Going line by line through the records below, write out everything starting with the line containing "Natural Stone Beading" and going on through the line containing "Christmas decorations you can make yourself - 12", exactly and inclusively. Pictures do not go in.

AVAILABLE RECORDS

§ §

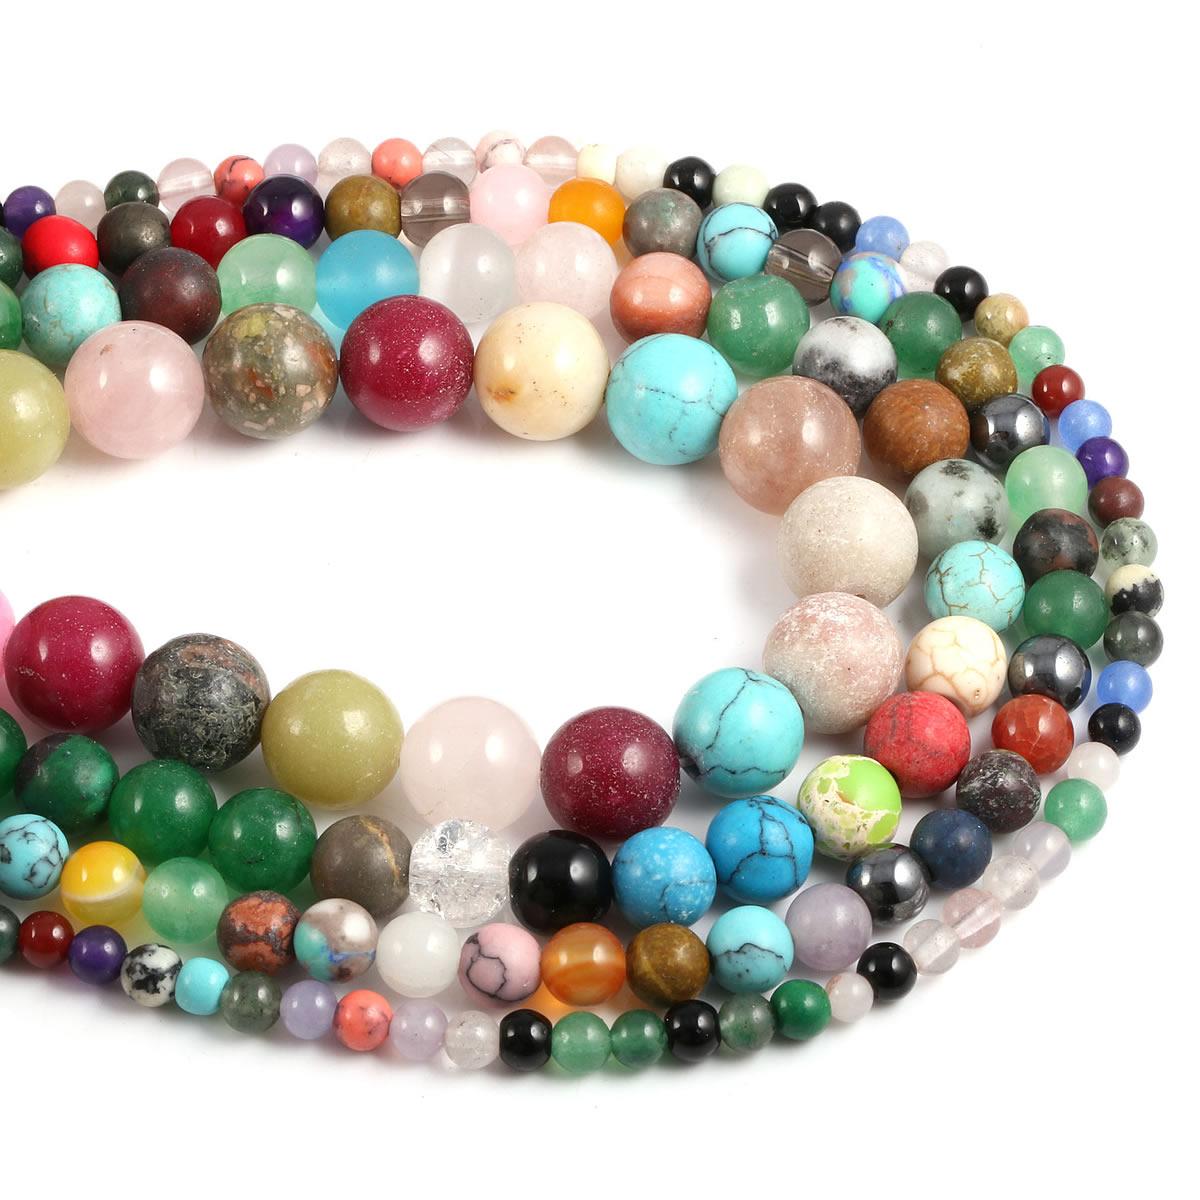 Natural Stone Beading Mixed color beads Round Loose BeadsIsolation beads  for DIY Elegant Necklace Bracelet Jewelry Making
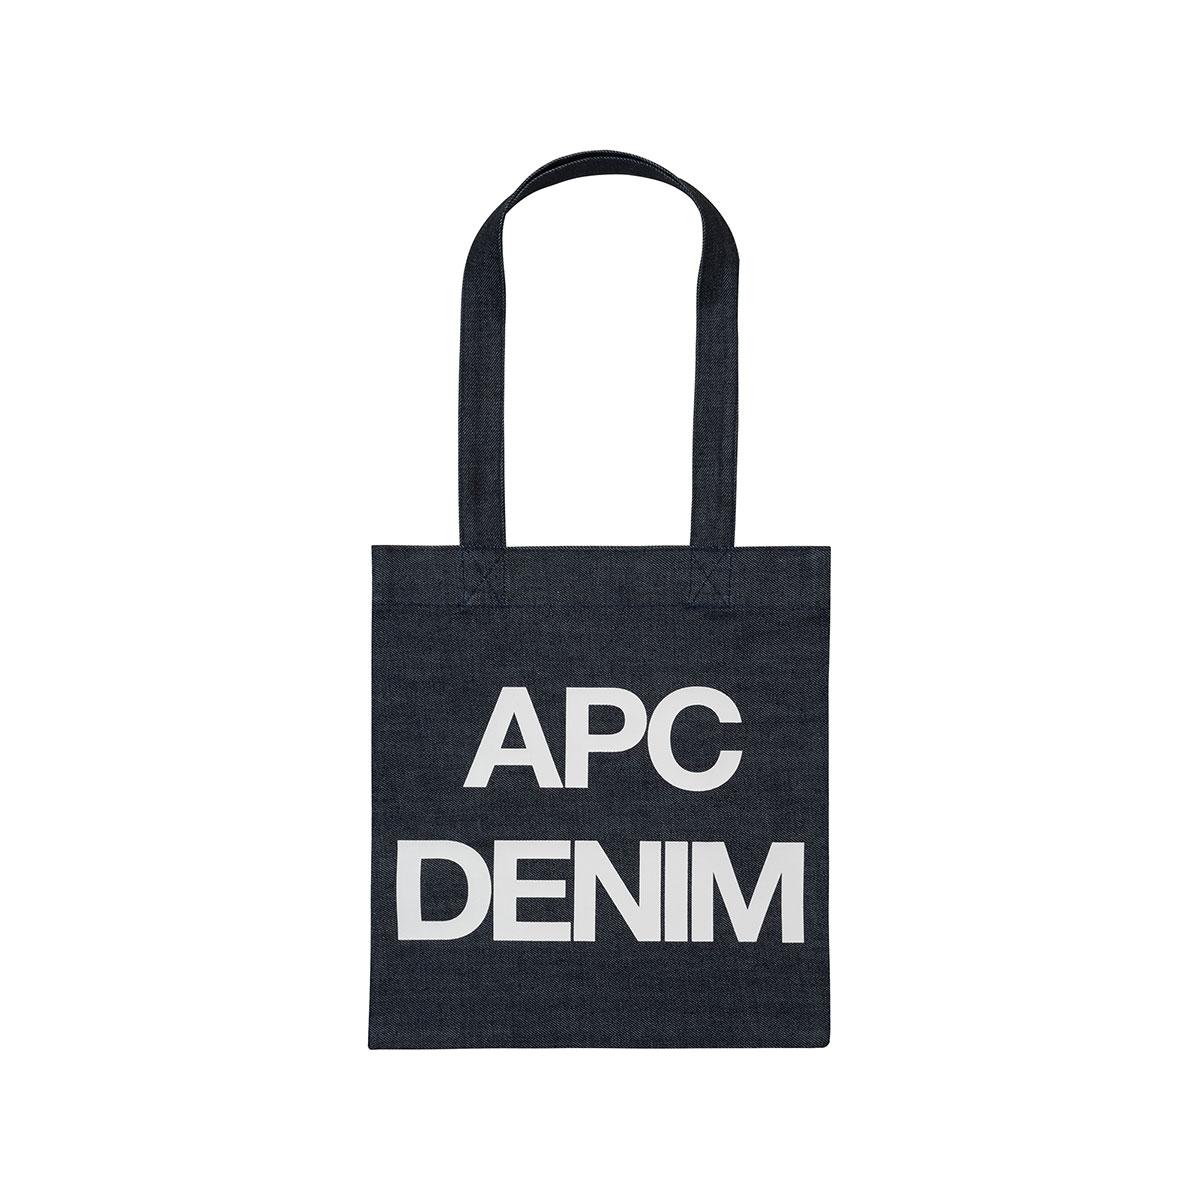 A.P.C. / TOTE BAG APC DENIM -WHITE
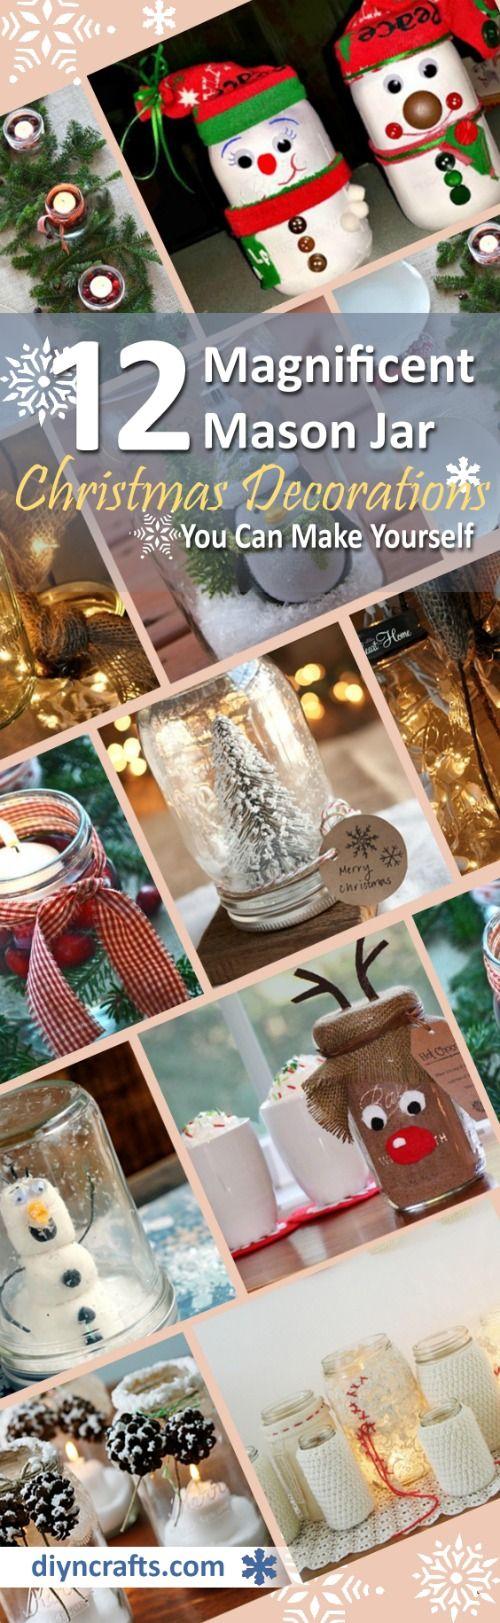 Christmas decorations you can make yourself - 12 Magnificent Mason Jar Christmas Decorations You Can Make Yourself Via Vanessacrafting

§ §

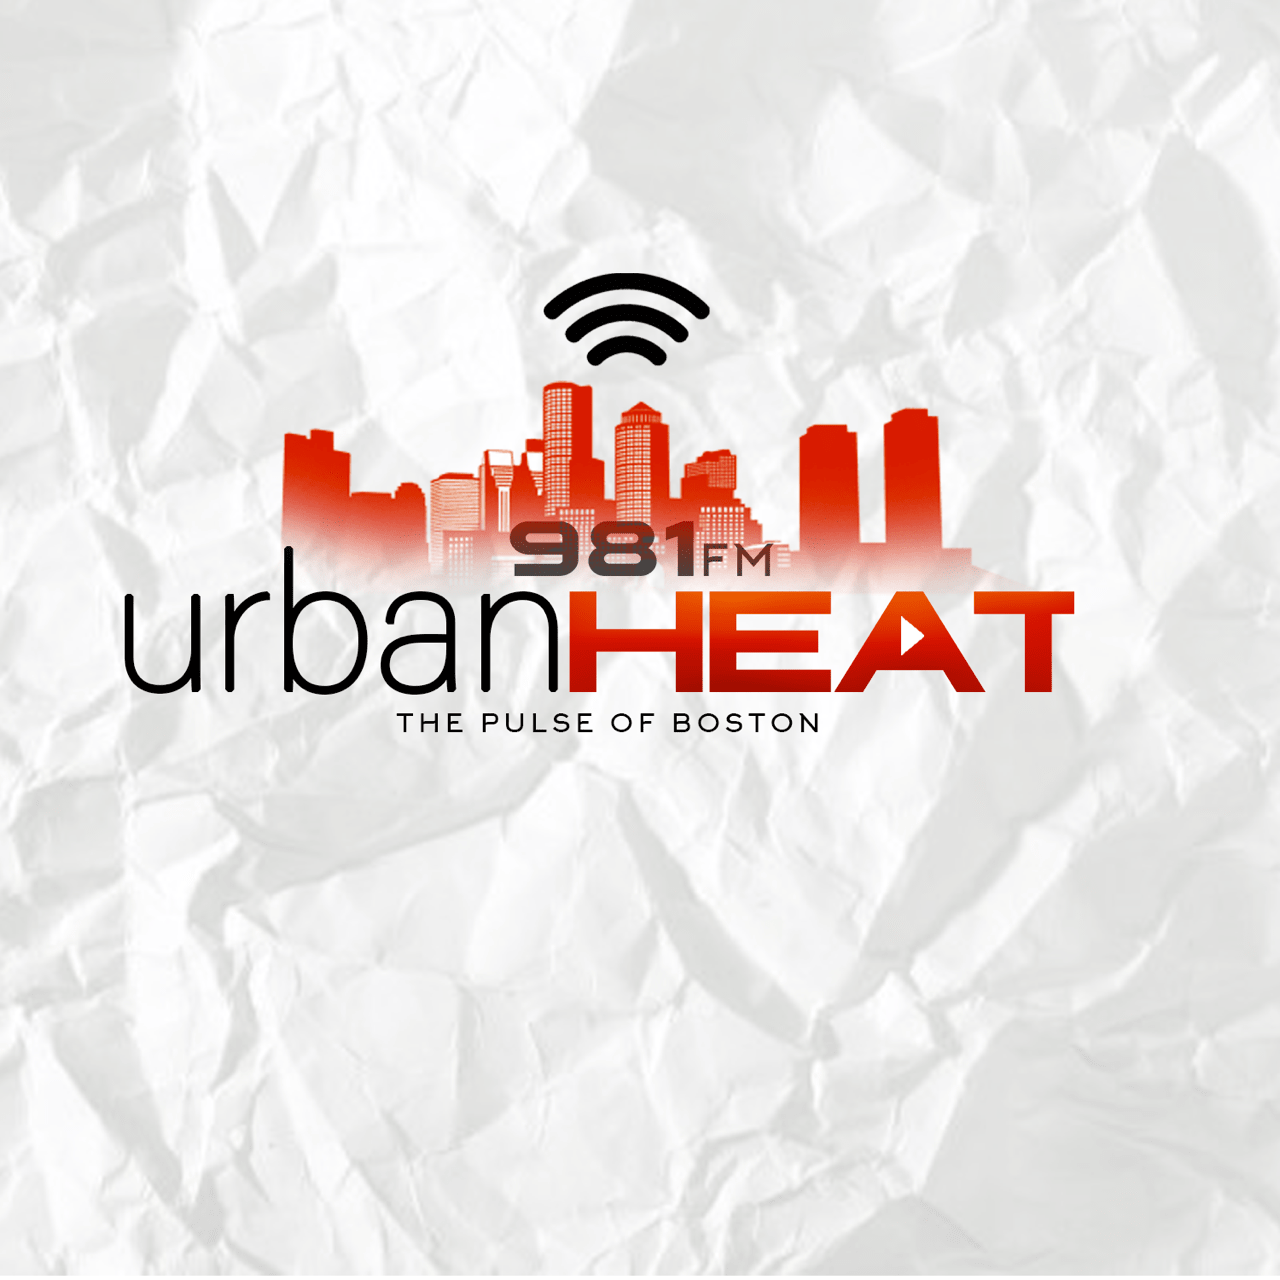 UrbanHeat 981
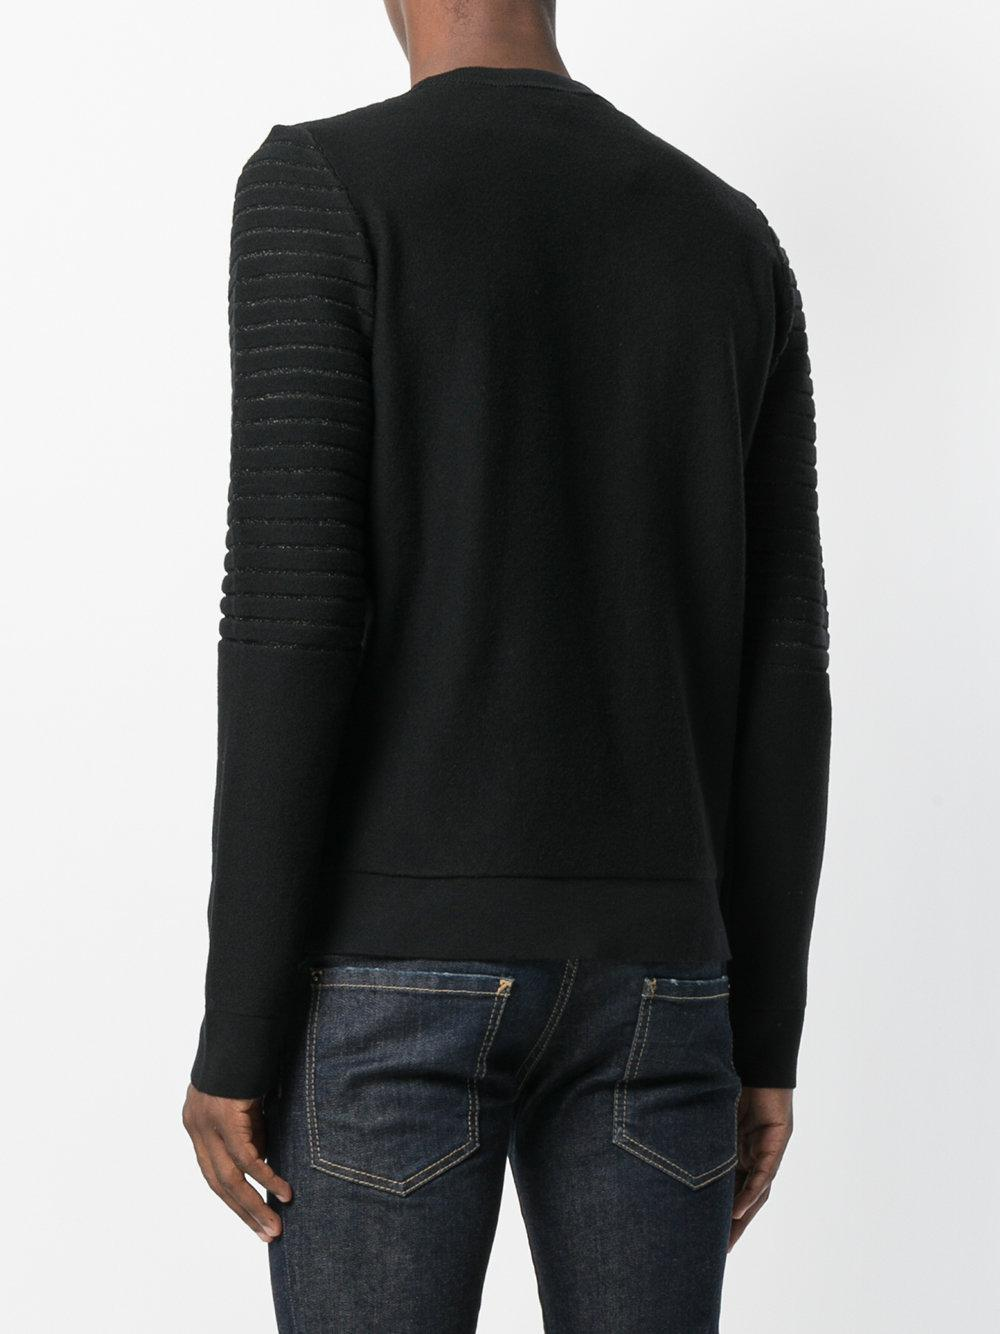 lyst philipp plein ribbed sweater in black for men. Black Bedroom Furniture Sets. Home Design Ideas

§ §

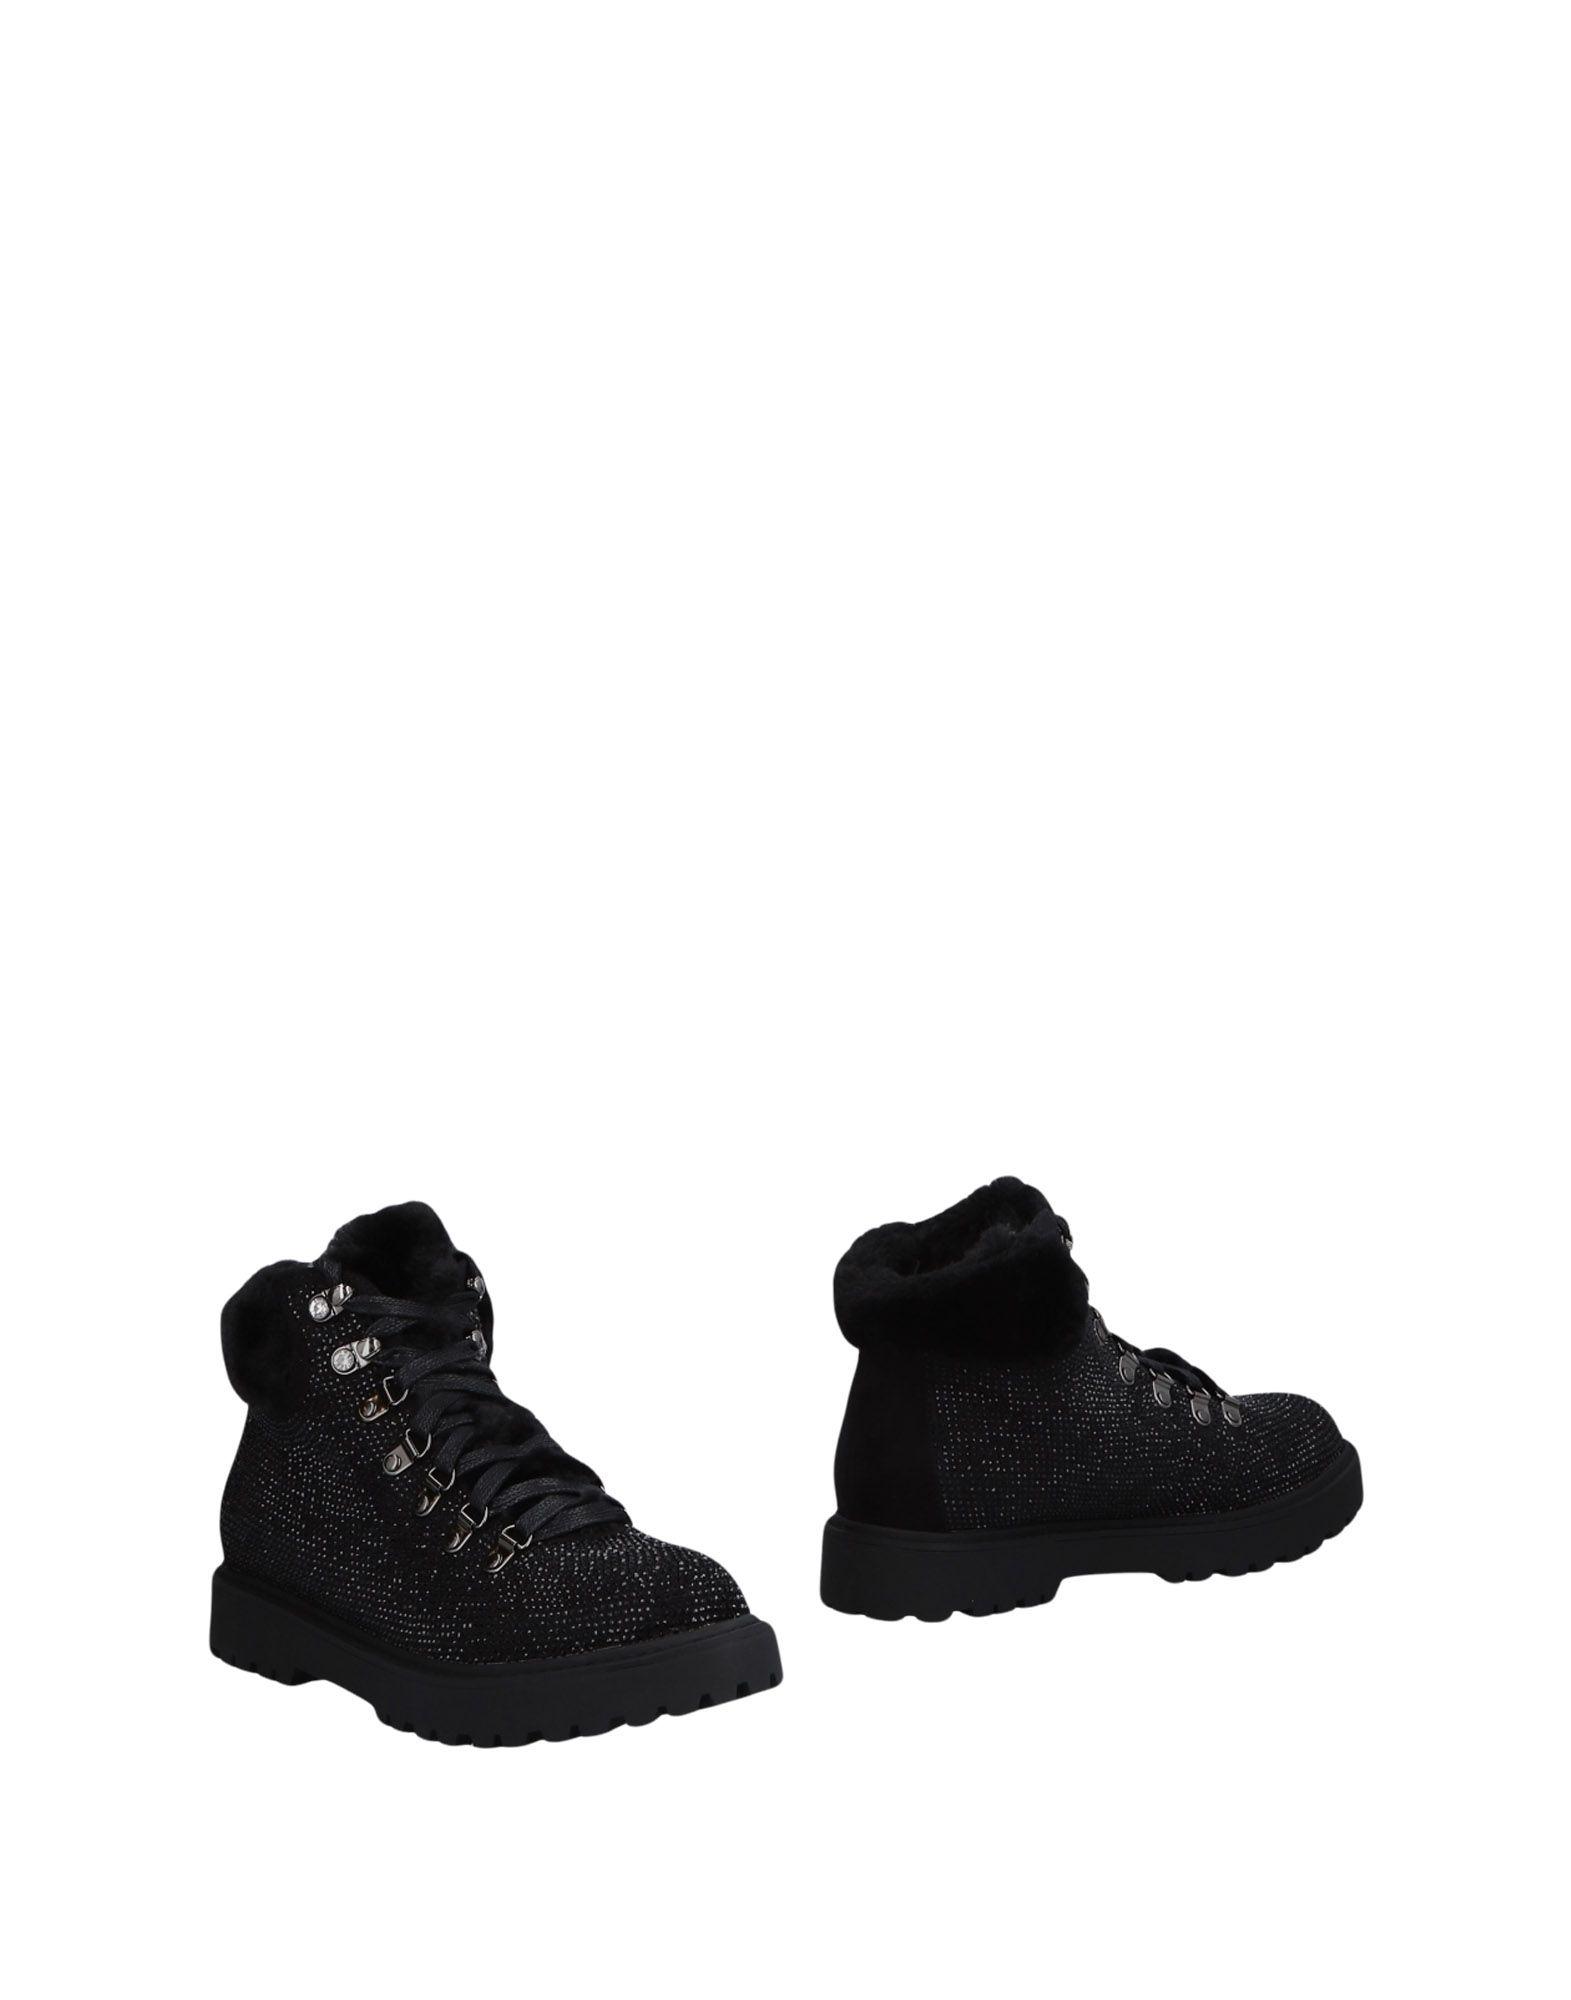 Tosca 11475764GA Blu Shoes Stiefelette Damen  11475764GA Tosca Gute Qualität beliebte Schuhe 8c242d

§ §

SOLVED EXERCISE
 Natural Stone Beading Mixed color beads Round Loose BeadsIsolation beads  for DIY Elegant Necklace Bracelet Jewelry Making
 A.P.C. / TOTE BAG APC DENIM -WHITE
 Christmas decorations you can make yourself - 12 Magnificent Mason Jar Christmas Decorations You Can Make Yourself Via Vanessacrafting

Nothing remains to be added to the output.